As the famous saying goes, “There ain’t no such thing as a free lunch”. Buyers who want to free ride and get the product for a zero price have the risk of losing on something which might be essential for the long-term success of their business. In accordance with economic theory, everything has an opportunity cost which can be anything and does not necessarily have to be in monetary terms. If a buyer avails a cheap deal in PWYW , he runs the risk of losing on some other fronts, for example, his image in the market or his business relationships.

I conducted a small research experiment in collaboration with a firm who introduced the PWYC pricing model in June 2020 in Liverpool, United Kingdom. The timing of the introduction of this pricing is also significant as it was introduced when businesses started to reopen after the Covid-19 lockdown. Earlier research has identified altruism as one of the significant factors affecting the PWYC price and the level of reciprocity and goodness were increased overall due to the pandemic as the phrase ‘we are all in this together’ gathered much attention. Hence, the timing of the introduction of this pricing was also very crucial.
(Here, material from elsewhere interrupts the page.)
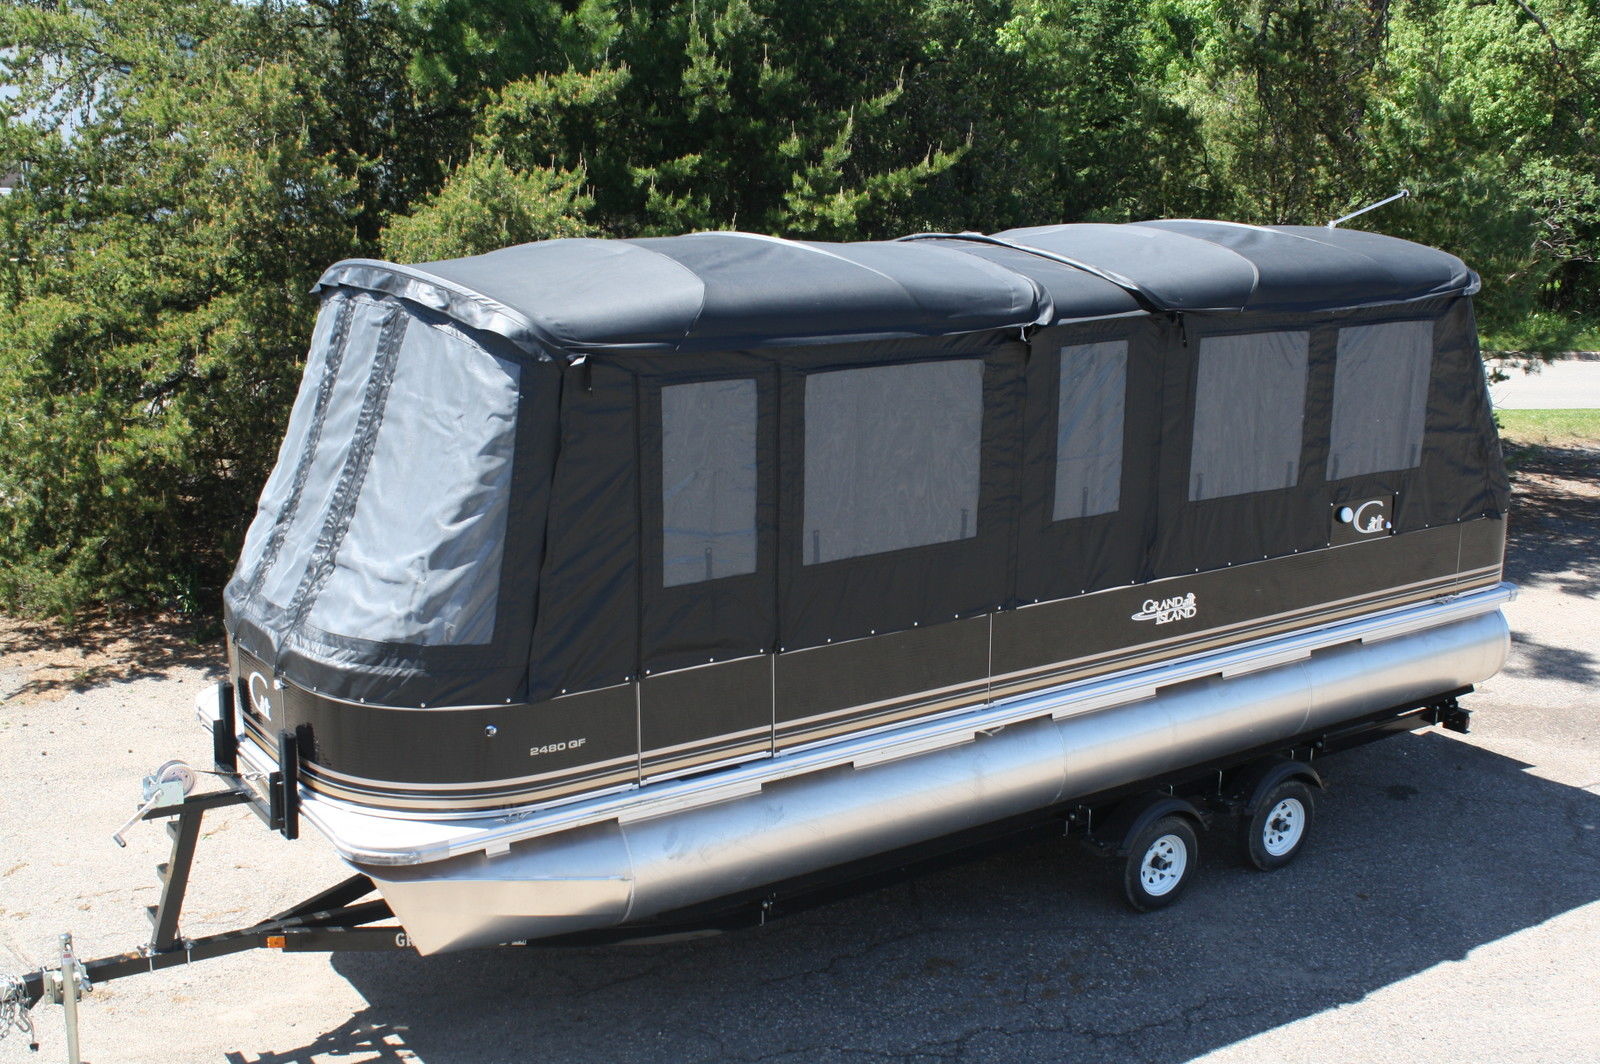 this is a new 24 ft grand island fish and fun pontoon boat. this is my best...

The aim of the study was to analyse how participative pricing works in a B-to-B setup and what social and economic factors drive the pricing decisions of the clients. The firm offered a suggested price for their services, but clients were free to pay anything. Even when the clients had the opportunity to free ride, they mostly decided not to with 89% of the clients paying the suggested price without any deviation. Further, an email containing a questionnaire was sent to the clients asking about the factors that affected their pricing decisions. According to the estimation results, the final PWYC price was significantly influenced by satisfaction from the product/service, self-image, and altruism. This indicated how social factors play an important role in the market mechanism.

PWYC is no doubt a risky strategy where a lot of things can go wrong, but the essence lies in minimizing the risk and only introducing it in a favourable external setting. In this study, the external environment post Covid-19 pandemic was high on altruism and supporting businesses and, hence, it led to an increase in sales. The businesses who run PWYC pricing have a certain confidence in the quality of their products/services that they sell, and they are sure that the buyer will pay for it. This analysis can also be beneficial to many new firms and entrepreneurs who are willing to experiment pricing innovations upon entering the market. PWYC can be used as a marketing strategy when entering a market as it can gain a lot of attraction because of its unique nature.
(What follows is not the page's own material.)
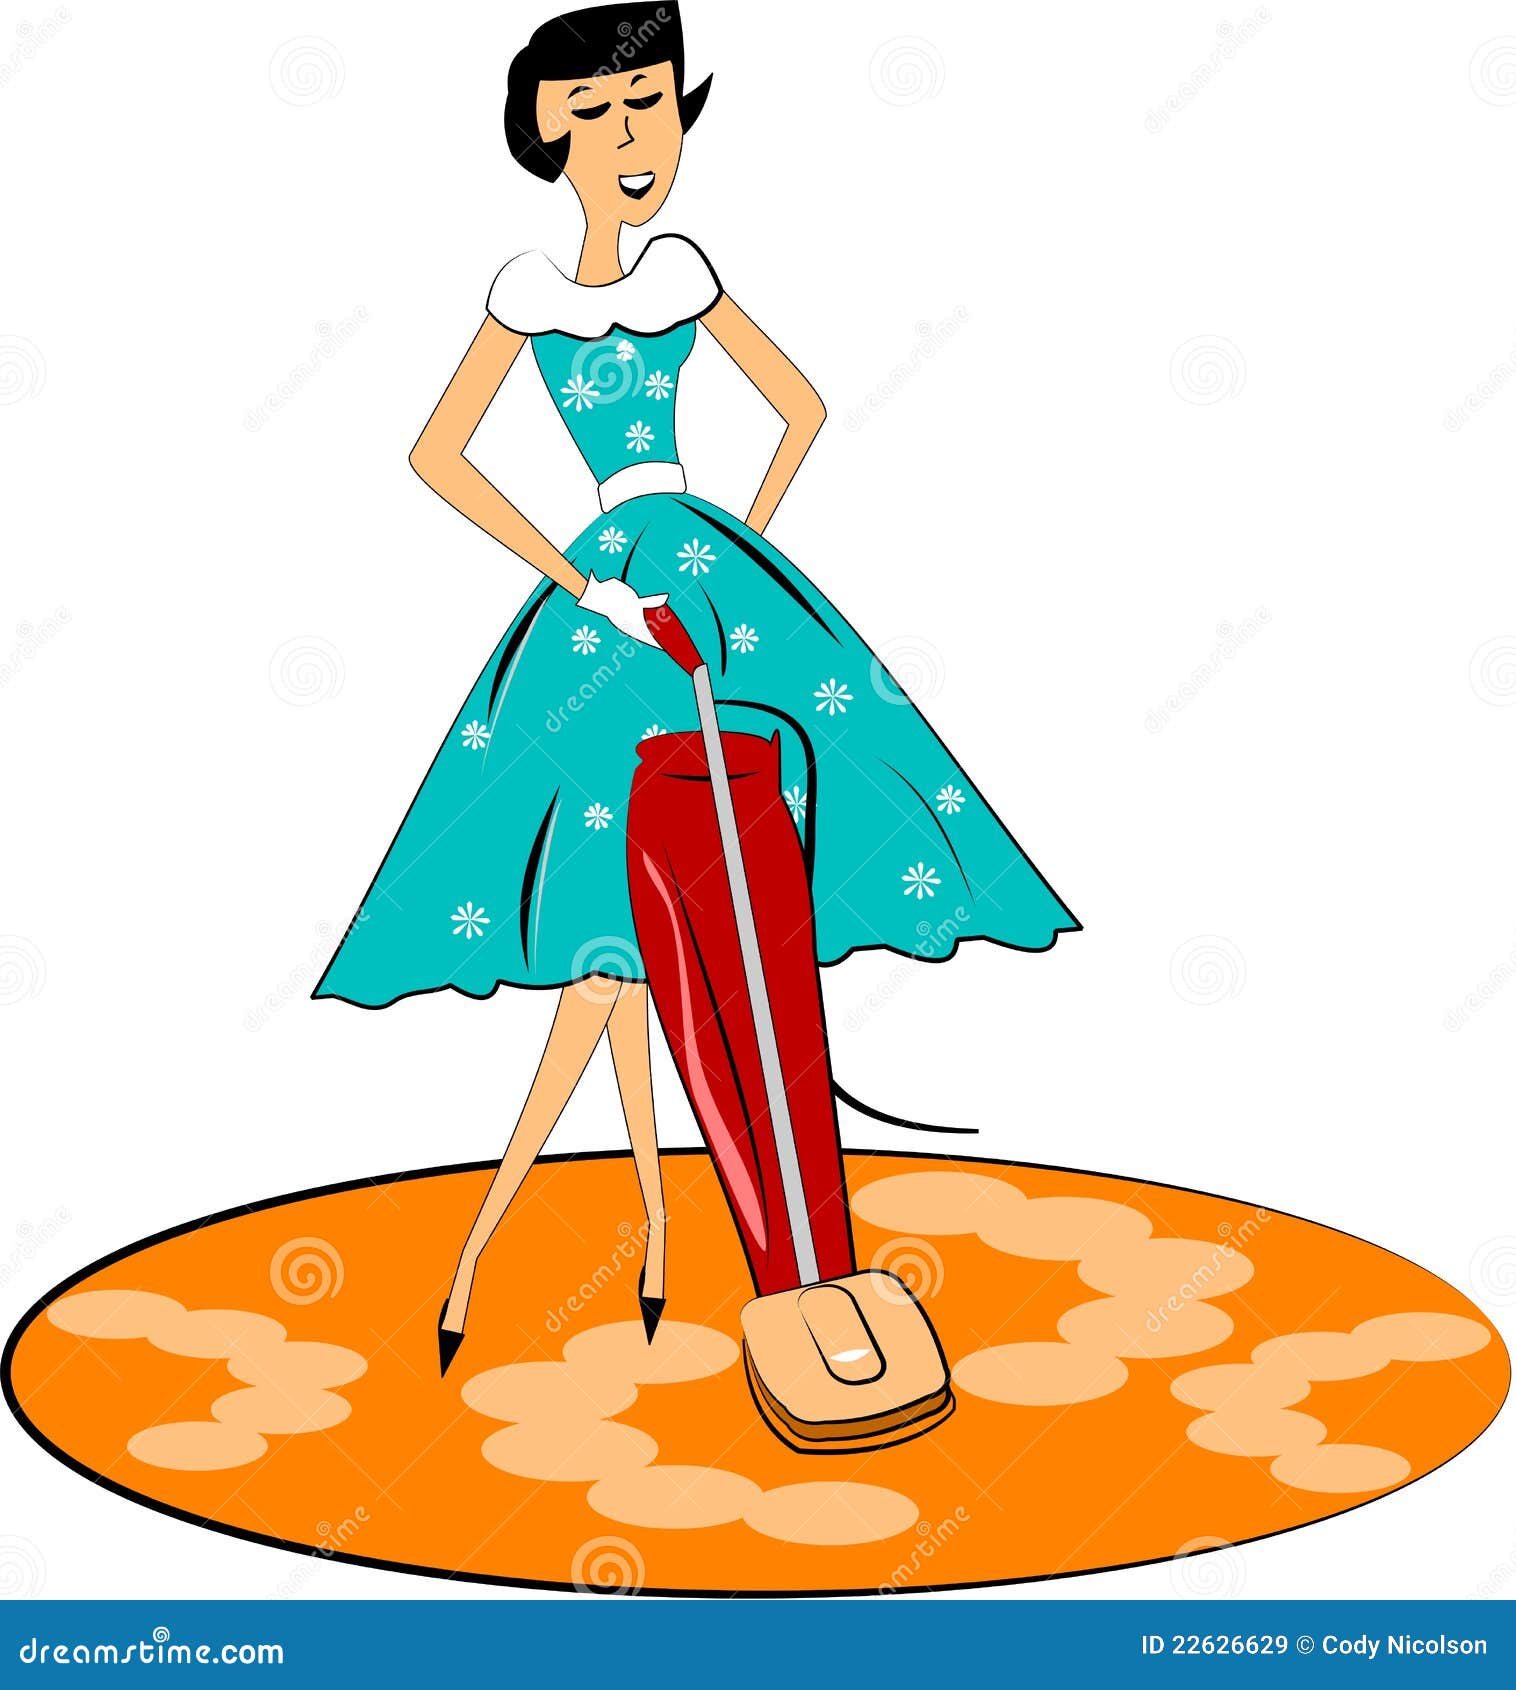 mother cleaning clipart - photo #11

However, PWYC has so far has not been proven to be a profit earning strategy. It is essential to look at the long-term gains or losses from this strategy rather than the short-term impact it creates. The regression analysis was carried with a small sample of buyers only over the period of two months. It would be interesting to find out how the PWYC price and business relationship changes with the passage of time and whether the firm will continue with this pricing in the long term. In this study, PWYC strategy was introduced also as a goodwill measure for businesses affected by the coronavirus lockdown. The firm in the current study catered to the needs of only small and independent businesses who already have a high degree of social responsibility. It would be interesting to see how this pricing mechanism shapes out for big businesses. It is essential to investigate the long run viability of PWYC since in the real world there have been a lot of failures as well successes and many others have used it for advertising purposes. PWYC is indeed an innovative strategy and could draw attention, but the question still remains if it is sustainable in the long run.

This article was written by Marwah Koul, a recent MSc Economics graduate from the University of Liverpool. She is interested in pursuing a career in research and is deeply interested in the field of Behavioural Economics, Environmental Economics and Heterodox Economics.